Negative BD-rate indicates required bitrate reduction for constant quality (Chen et al., 2021).

4.2. NVFP4 Quantization

• Training Stability: Conventional end-to-end NVFP4 training with stochastic rounding, Hadamard transforms, block scales, and BF16 healing diverges on 340M/1.3B param Transformers and hybrids. 4/6 prevents this, with training-loss tracking BF16 (Cook et al., 1 Dec 2025).
• PTQ Performance: For Llama-3-8B, Qwen3-8B (W4A4, RTN PTQ), 4/6 reduces WikiText-2 perplexity by 10–20% (e.g., 8.43$\to$8.30), and with AWQ or SmoothQuant, narrows the PPL gap to BF16 by 5%.
• Downstream Accuracy: Across BoolQ, ARC, and HellaSwag, applying 4/6 increases normalized accuracy by 1–2 points for multiple quantization regimes.

5. Practical Considerations and Usage

• Hardware Synergy: The 4/6 algorithm aligns with Blackwell GPU instruction sets supporting efficient conversion between FP4 and FP8, enabling seamless integration with minimal runtime impact (Cook et al., 1 Dec 2025).
• In Vision Models: For fractional scaling, aligning H,W to multiples of 6 avoids rounding artifacts.
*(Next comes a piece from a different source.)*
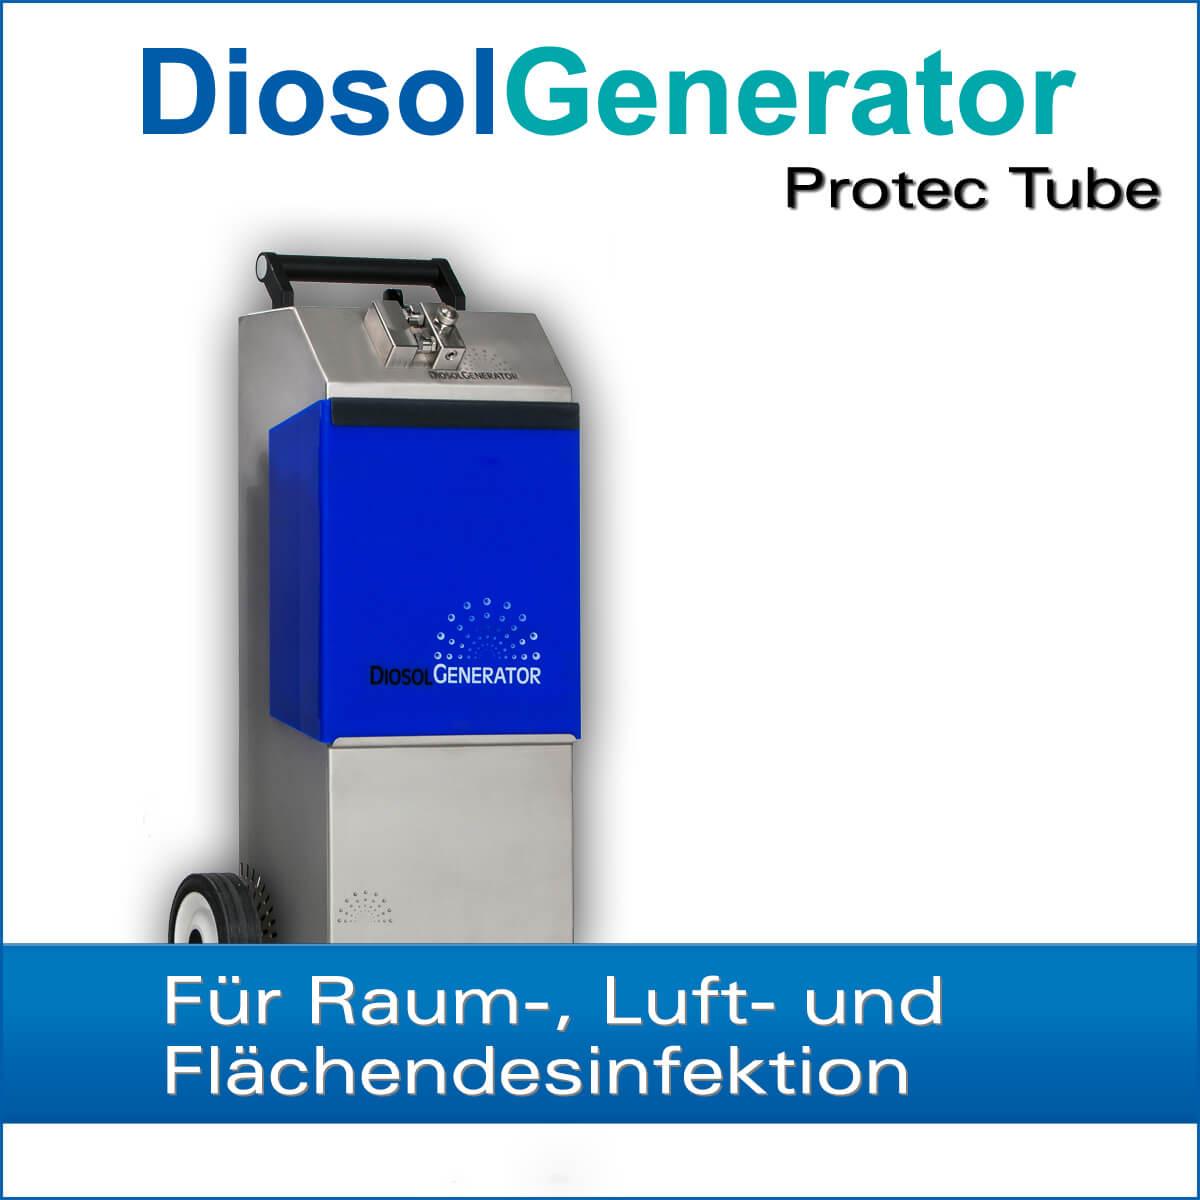 h2o2 verneblungsgerät diosolgenerator protec tube

Always specify align_corners=False for stable gradients during bilinear rescaling.
• Code Integration: Minimal PyTorch, CUDA, or equivalent APIs suffice to integrate these blocks into state-of-the-art architectures, without modifying downstream layers or requiring special regularization. The per-block quantization process is compatible with post-training quantization approaches such as AWQ and SmoothQuant.

6. Significance and Broader Impact

The Four Over Six (4/6) adaptive scaling strategy constitutes an efficient, hardware-friendly, and empirically validated method for addressing quantization and downsampling bottlenecks:

• For FP4/NVFP4 quantization, it mitigates the disproportionate error on near-maximal values, which have been empirically identified as primary causes for both divergence during training and degraded inference accuracy in large-scale neural networks.
• For vision networks, learned fractional scaling blocks offer a path to improved coding efficiency and quality preservation in applications requiring non-integer spatial transformations.

A plausible implication is that as low-precision training proliferates across domains, blockwise-adaptive schemes like 4/6 will gain increasing importance, especially in future hardware-accelerated environments and large-scale deployment settings (Cook et al., 1 Dec 2025, Chen et al., 2021).